Питер Кэри - Кража
Брат говорит, я сам навлекаю на себя неприятности, но разве я сам ударил себя сзади? А уж меня ударили, пришлось поразить нападающих своим стулом. НЕ МОГУ ПОЗВОЛИТЬ ИМ ПРОДЕЛАТЬ СО МНОЙ ЭТО. НЕ СТАНУ ЖДАТЬ, ПОКА ИИСУС ЗАСТУПИТСЯ ЗА МЕНЯ. Бандиты полетели во все стороны, завывая, словно дворняжки, вомбаты и опоссумы, потерпевшие поражение похитители пудинга. Мне известно, что никто из них не подавал жалоб и не выдвигал обвинений и не было бы никаких проблем, если б не тот НЕДРУЖЕЛЮБНЫЙ МАТРОС, иначе с чего бы полиция ждала меня на Пристани. Копы стали спрашивать, почему у меня одежда и стул в крови.
Все хорошо, что хорошо кончается: к полуночи я уже спал в своей постели. Марлена Лейбовиц отмыла мой стул «виндексом». А Мясник назвал меня бременем и крестом, Господи Боже ты мой, ЮРОДИВЫМ, ходячей катастрофой.
19
Ничего, кроме пластыря, под рукой не оказалось, но в избытке имелось виски «Корио», чтобы промыть окровавленный подбородок моего братца, туалетная бумага прилипала к его щетине, расцветала пушистыми белыми лепестками, как овечья шерсть, зацепившаяся за колючую проволоку. Пока Марлена ласково обирала эти белые почки, я и думать забыл о том, украла она картину или нет, — да пусть хоть государственный банк ограбит. Разумеется, мы уже занимались «любовью», но это было важнее: Хью перестал быть препятствием для моего счастья, наоборот, он выжимал из нее все, что было — и остается — в ней самого привлекательного: ее страстное сочувствие всякой странности, заброшенности, неуместности.
О том, как это нежное сердце должно было сочувствовать бедолаге Оливье Лейбовицу, я пока не задумывался. Сказать правду? Я вовсе позабыл про него. Словно подросток, без руля и без ветрил, я и не помышлял, куда приведет меня глупое сердце, не понимал, что разбушевавшаяся кровь выплеснется на все, что я нарисую, на то, как я буду жить, и даже на то, где мне предстоит умереть. Что произойдет, если я окажусь втянут в смертоносную орбиту Комитета по наследию Лейбовица, я тоже не гадал. Я был влюблен.
Вскоре Жан-Поль выскажет догадку, будто моя связь с Марленой вызвана «исключительно» желанием попасть на выставку в Токио.
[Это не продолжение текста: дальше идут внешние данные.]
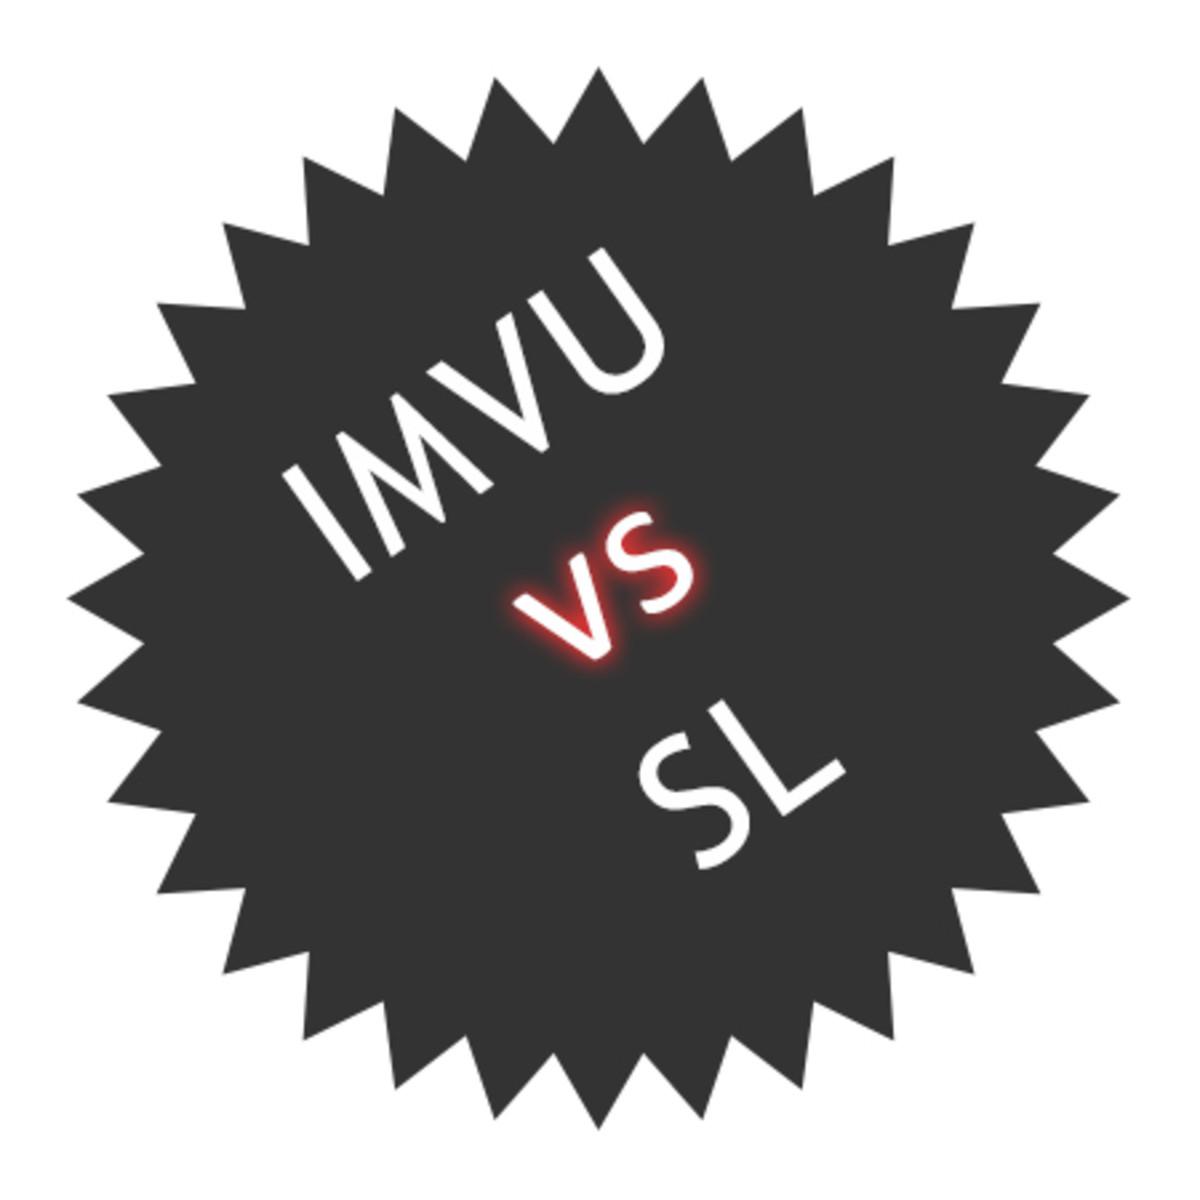 imvu-vs-second-life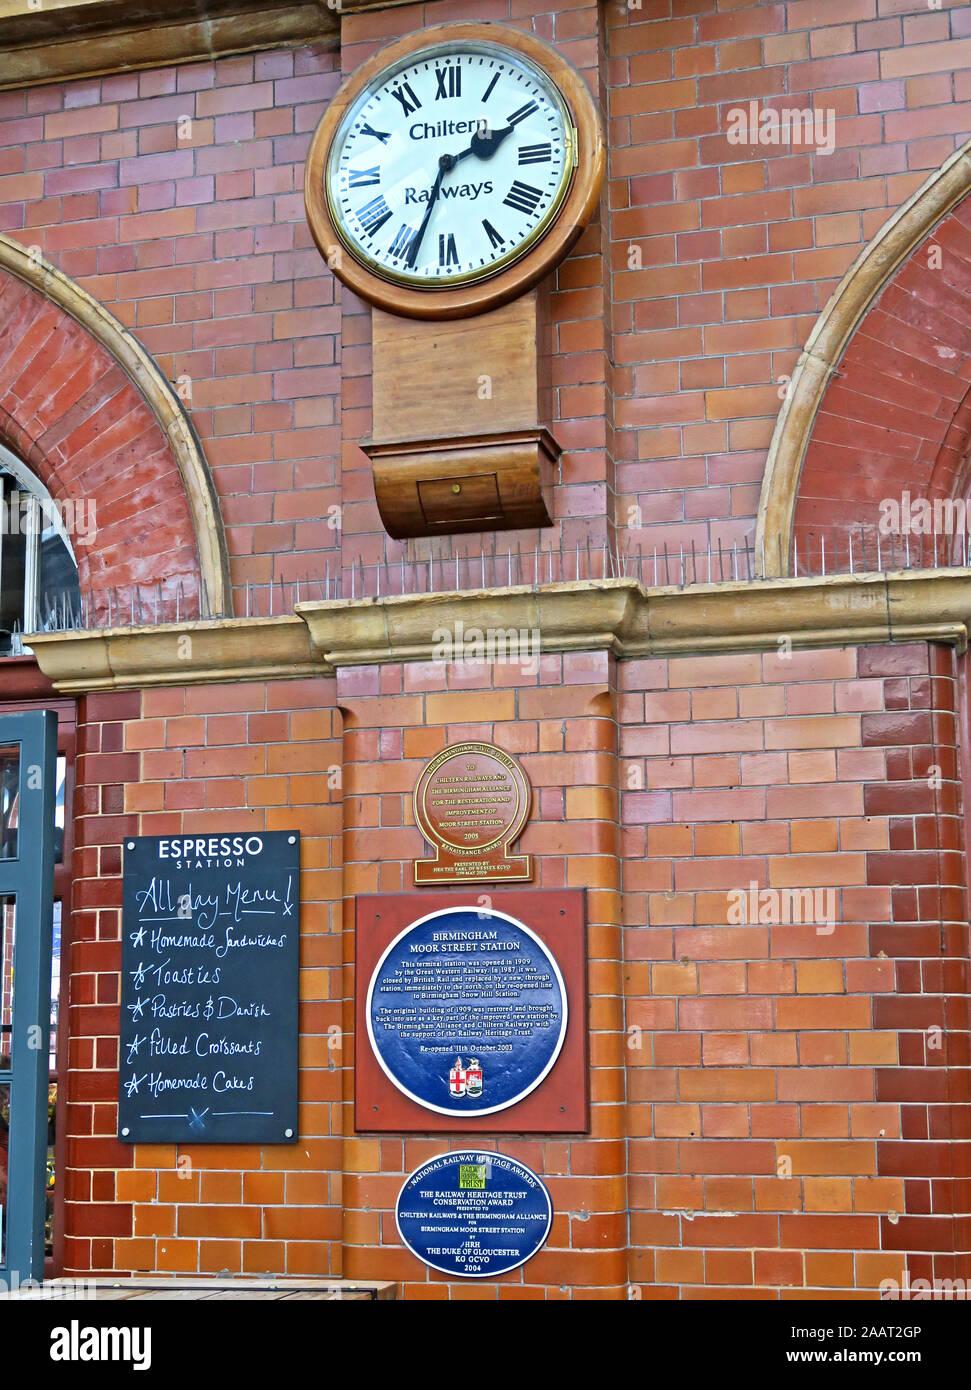 HotpixUk,@HotpixUK,GoTonySmith,UK,England,English,BMO,GWR,City Centre,West Midlands,Historic,transport,architecture,Chiltern Railways Clock,restoration awards,Clock,plaques

Все мои так называемые «друзья» с их глубокими познаниями в психологии, от которых удавиться хочется, подозревали то же самое, но если б они хоть раз увидели, как прекрасная рембрандтовская женщина приподнимается на цыпочки, чтобы заклеить темные ссадины на лице Фальстафа, они бы поняли все ее дальнейшие поступки — ну, хотя бы часть их.
Вскоре мы все втроем уснули на полу, я прижимал Марлену к груди, а Хью в трех шагах от нас храпел, как испорченная канализационная труба. Всю ночь она приникала к моему плечу, такая доверчивая, спокойная, тихая, даже во сне милая и добрая, вопреки нажитой ею репутации. Западный ветер дул до раннего утра, тряс рамы, гнал тучи, то и дело заслонявшие округло серебрившуюся луну. Наутро все стихло, и я увидел перед собой сперва морскую синеву, потом ультрамарин — ее широко раскрытые глаза, и небеса грязного Сиднея, с которых сдуло всю мерзость.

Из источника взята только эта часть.